Both parties could use their expertise and experience to develop a common EU-China blockchain protocol, whose transparent distribution of power and mutually verifiable code could create trust on a political, technological and legal level. Transparency and immutabulity could reduce bureaucracy and enable reliable emission tracking across global supply chains – important for complex industries like vehicle-to-vehicle communication, fashion and transport. A joint blockchain governance structure could avoid competition for leadership, deter cyberattacks and ensure the two systems’ interoperability.4
Instead of impeding China’s or Europe’s net zero-emissions targets through PoW, blockchain technology could expedite them in the form of blockchain-based ETSs. Equally, carbon markets could either be a bridge or barrier for EU-China relations. Combining the two issues would not only be politically elegant and viable, it would also symbolically and practically strengthen a very important partnership in the fight against climate change.
1 | The equivalent to Chile’s or the UAE’s energy use, or 1-2% of China’s total energy production in 2019, according to the Atlas of Energy by the International Energy Agency. Available http://energyatlas.iea.org/#!/tellmap/-1118783123. Accessed: June 24, 2021.
2 | A complex interplay of variables make it difficult to exactly quantify mining-related greenhouse gases.
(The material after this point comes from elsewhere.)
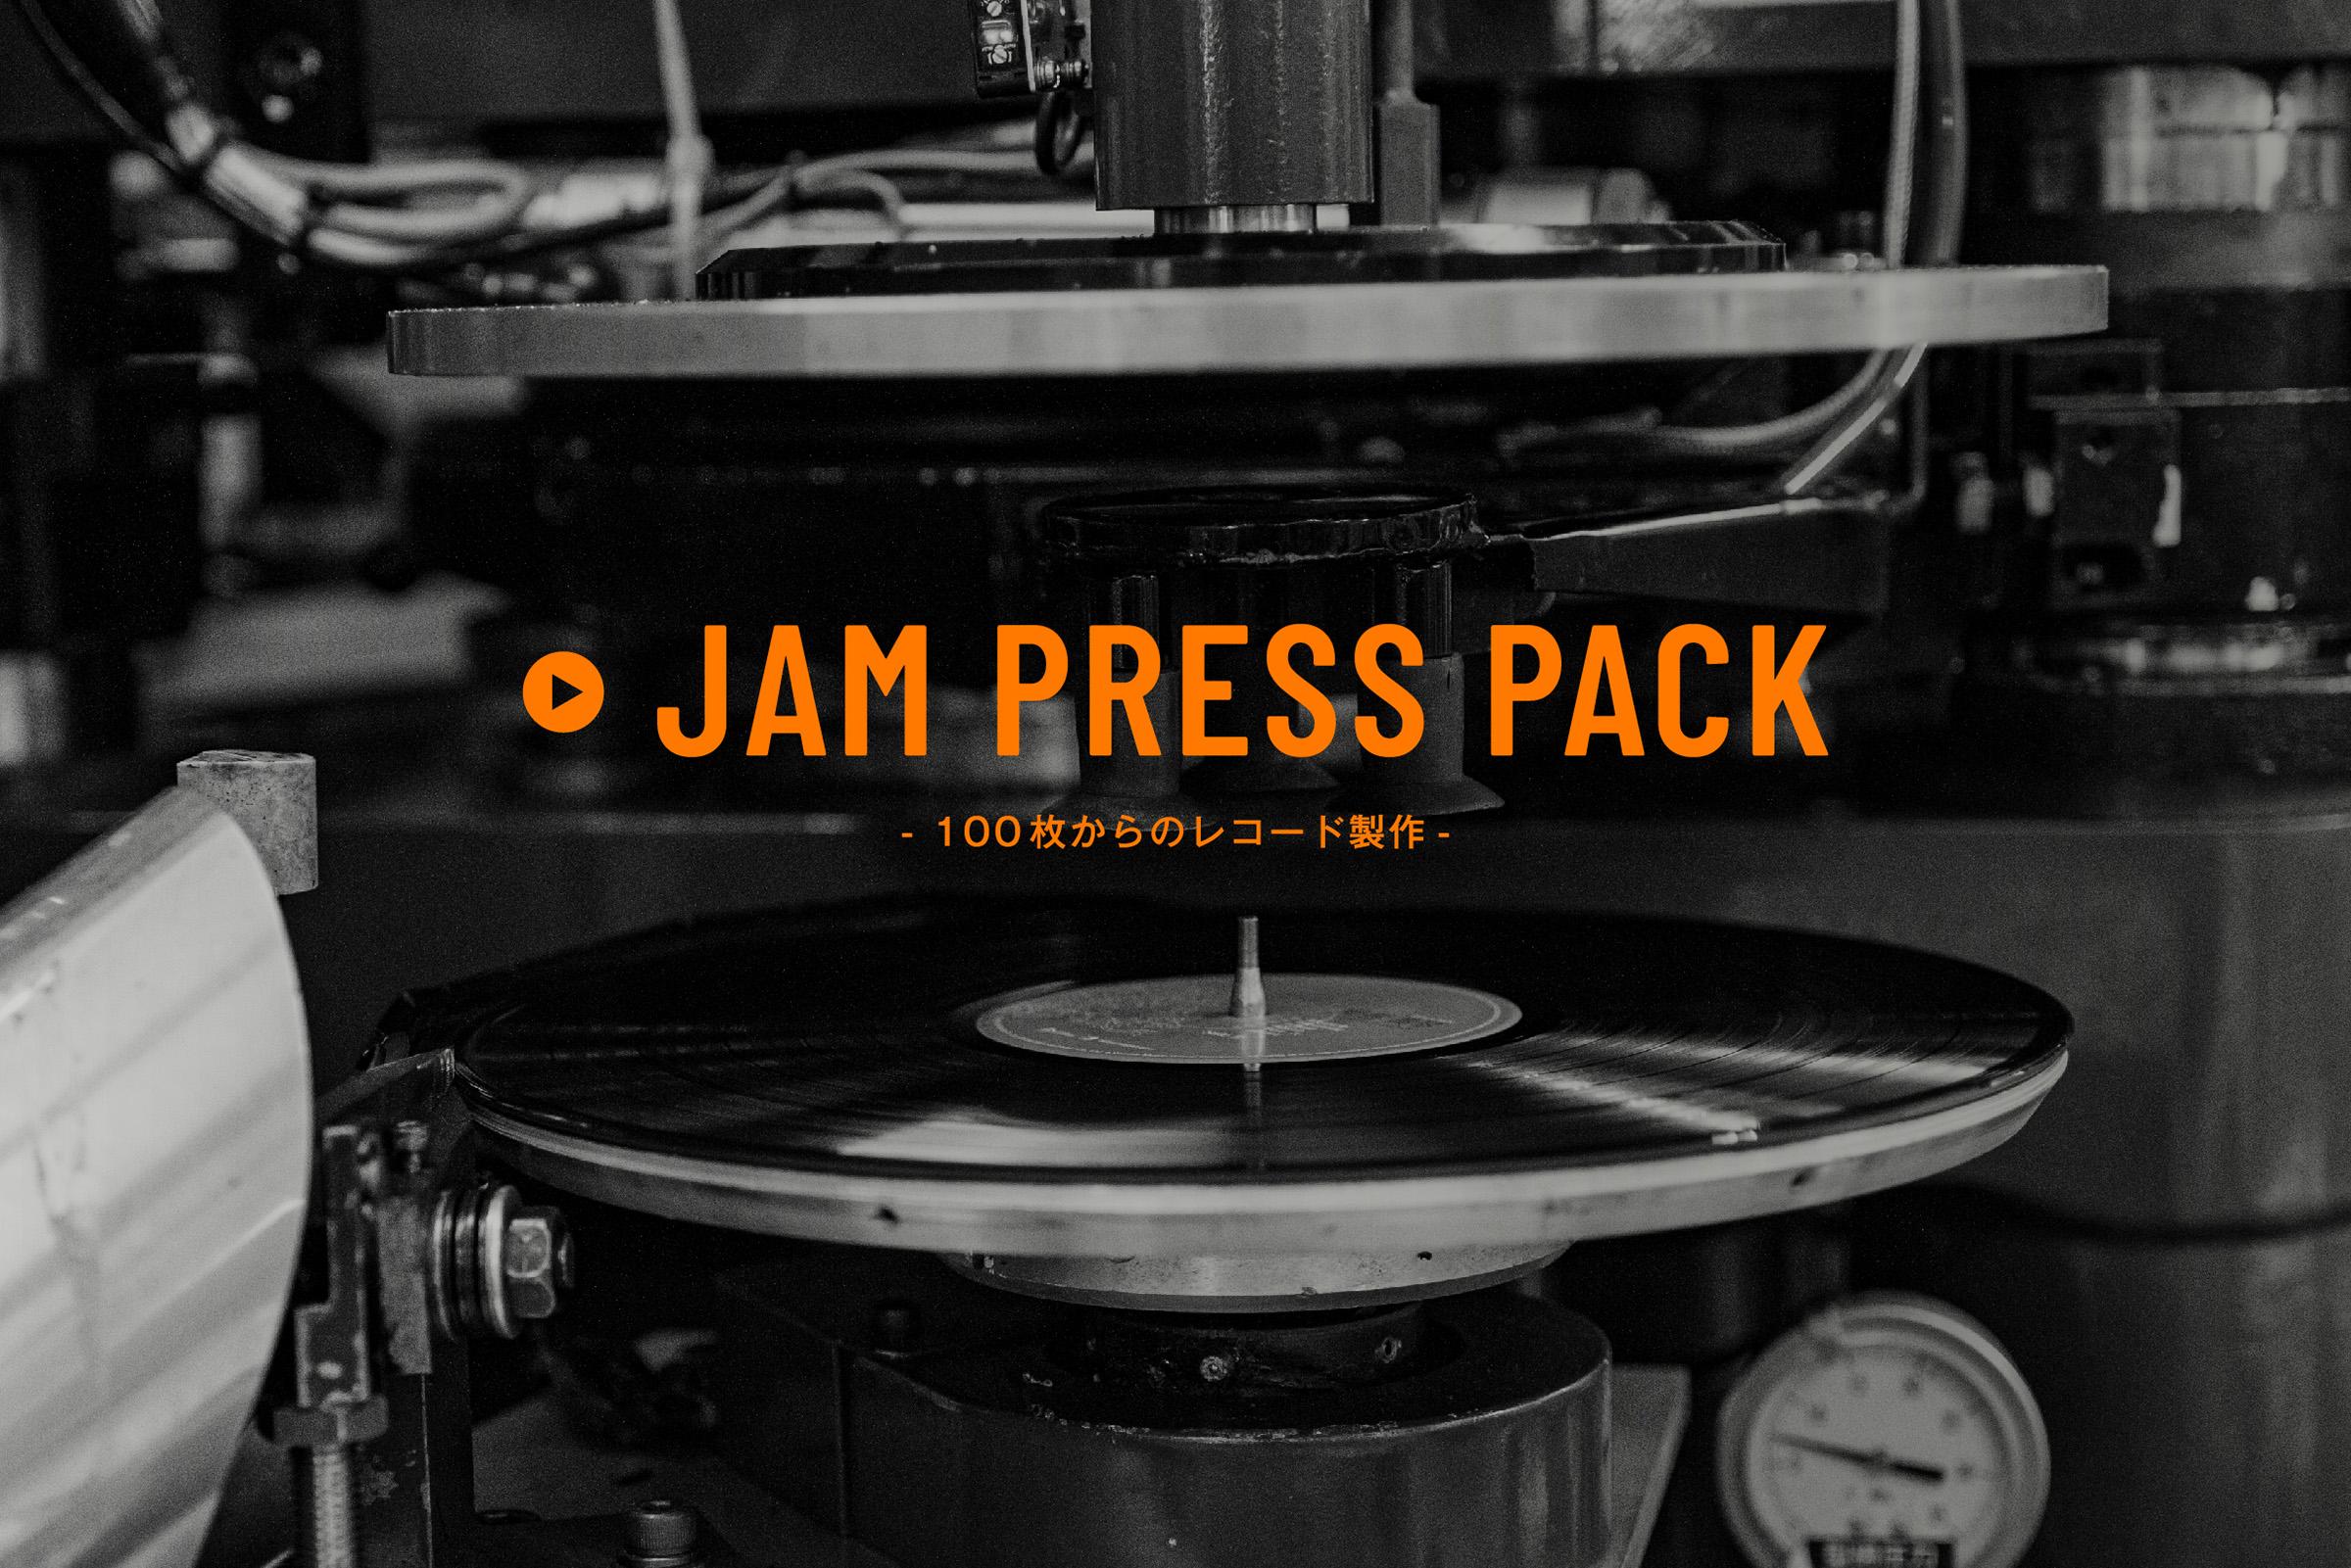 JAM PRESS PACK -100枚からのレコード製作-

But this calculation is considering the aforementioned lower and upper estimates of TWh and an average carbon intensity for Chinese miners of 711 gCO2eq/kWh, suggested by Hileman and Rauchs (2017). “2017 Global Cryptocurrency Benchmarking Study.” SSRN Electronic Journal. https://doi.org/10.2139/ssrn.2965436. The corresponding emission are estimated between 37,43 and 61 MtCO2eq, or just below 1% of China’s total emissions of 10 GT CO2. However, mining-related emissions but could well be higher, considering results of a recent study in Nature Communications, see Jiang, Li, et. al. (2021). “Policy Assessments for the Carbon Emission Flows and Sustainability of Bitcoin Blockchain Operation in China.” Nature Communications. 12 (1). https://doi.org/10.1038/s41467-021-22256-3.
3 | Or equivalent to watching 130 hours of YouTube. The explanation lies in the design of Proof-of-Work algorithms: the overwhelming majority of computed calculations that PoW requires do not have any effect on the data that is processed in a blockchain. To compute the verification of a single transaction, at least 8.7 quintillion computations, or “hashes” – itself including multiple computational operations – happen to no effect other than being a conceptual “proof” of “work”.
4 | Broadly, the EU, with its ‘cap-and-trade’ system, focuses on capping the quantity of emissions for nations and their companies, the industrial efficiency of emission output is secondary. China’s ETS, on the other hand, incentivizes improved efficiency of coal plants, but foresees no provincial or national limit of overall emissions. Further, China only considers CO2, while the EU also considers N2o and PFC and market prices for certificates vary widely between USD 8 (RMB 50) in China and USD 60 (EUR 50), as of July 2021.